Senatorin Karin v. Welck begrüßt Gäste im Rathaus

19.08.2010, 17:08 Uhr

Insgesamt 21 verfolgte ehemalige Hamburger Bürgerinnen und Bürger aus den USA, Kanada, Großbritannien, den Niederlanden sowie Tschechien hat Senatorin Prof. Dr. Karin v. Welck heute im Rahmen eines Senatsfrühstücks in Hamburg begrüßt.

 

von Welck brgüßt ehemalige Verfolgte
Verfolgte des Naziregimes waren zu einem Senatsfrühstück zu Gast im Rathaus. Die früheren Hamburger Bürgerinnen und Bürger kamen unter anderem aus den USA, Kanada, Großbritannien, den Niederlanden und Tschechien. "Ich freue mich, dass Sie trotz dieser Erinnerungen nach Hamburg zurückgekommen sind“, sagte Senatorin von Welck (Dritte von rechts). Seit 1965 lädt der Senat Opfer des Naziregimes zu einem Besuchsprogramm in ihre alte Heimat ein. (Bild: Julian Boy / Pressestelle des Senats)

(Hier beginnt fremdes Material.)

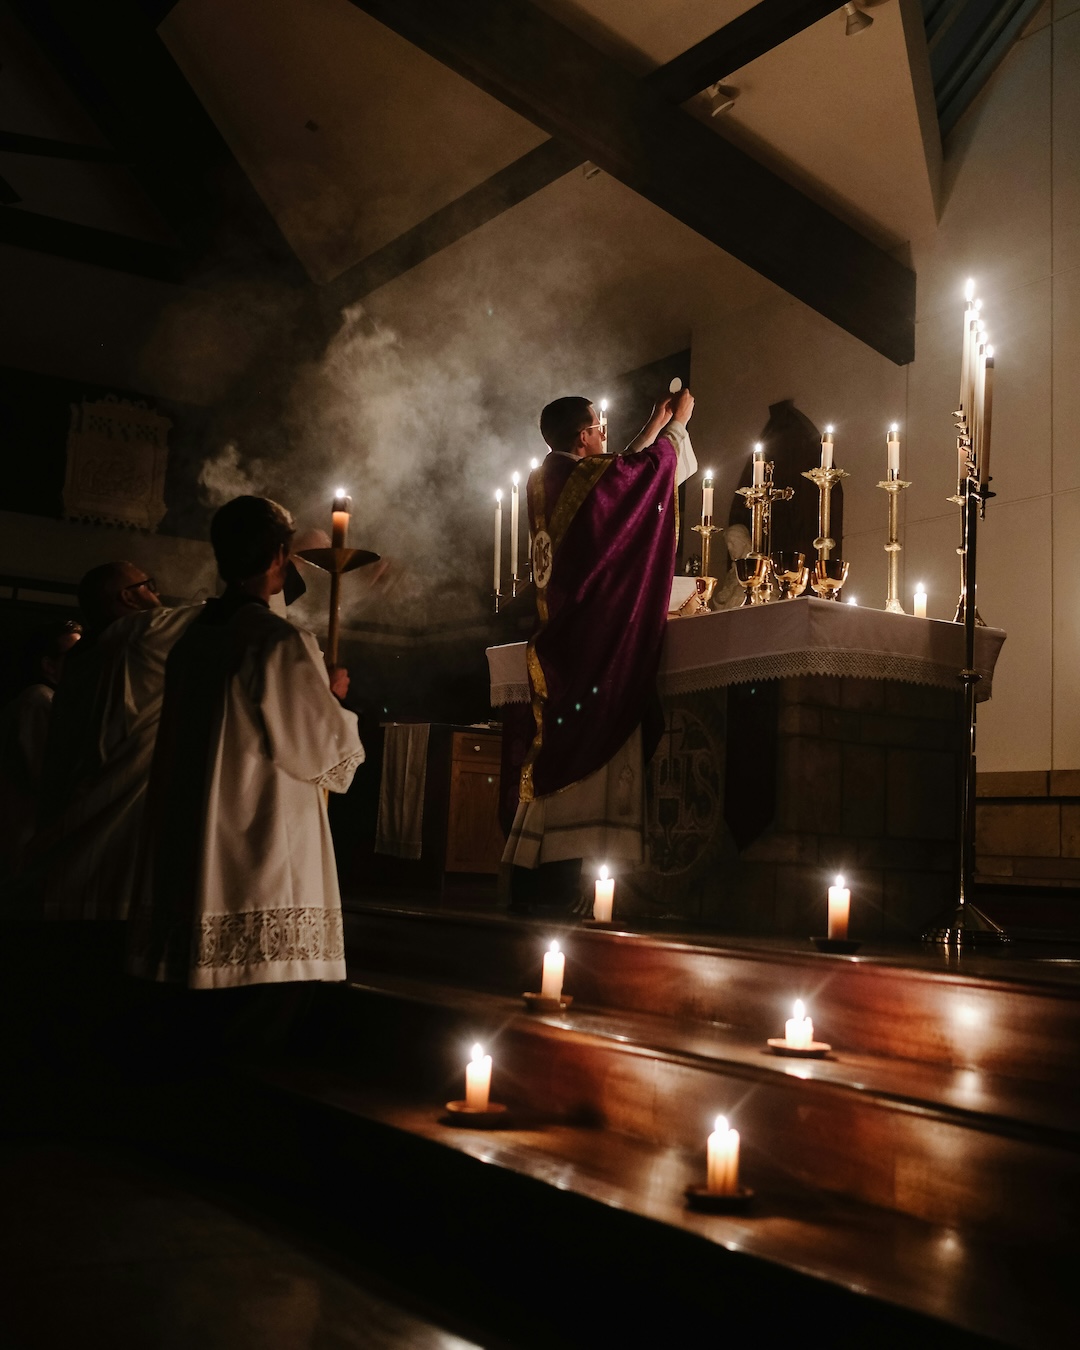 Priest Celebrates Mass by Candlelight

Sie sind Teilnehmer eines Besuchsprogramms für Verfolgte des nationalsozialistischen Regimes, das der Senat bereits seit vier Jahrzehnten durchführt.

 

Senatorin v. Welck sagte im Rahmen ihrer Begrüßung: „Ihr Besuch ist keine gewöhnliche Reise. Sie kommen zurück in die Stadt Ihrer Kindheit, die Sie mit schönen, glücklichen Erinnerungen verbinden – aber auch mit Erinnerungen, die fatal sind. Ich freue mich, dass Sie trotz dieser Erinnerungen nach Hamburg zurückgekommen sind.“

Ein Empfang im Rathaus und das Gespräch mit einem Mitglied des Senats gehören bei jedem Besuch dazu. Die Freie und Hansestadt lädt bewusst kleine Gruppen ein, um einen persönlichen Kontakt zu ermöglichen. Für die 21 ehemaligen Bürgerinnen und Bürger, die sich zur Zeit in Hamburg aufhalten, stehen außerdem Gespräche mit Vertretern der jüdischen Gemeinde vor Ort, Besuche auf den jüdischen Friedhöfen Hamburgs sowie der Besuch kultureller Veranstaltungen auf dem Programm.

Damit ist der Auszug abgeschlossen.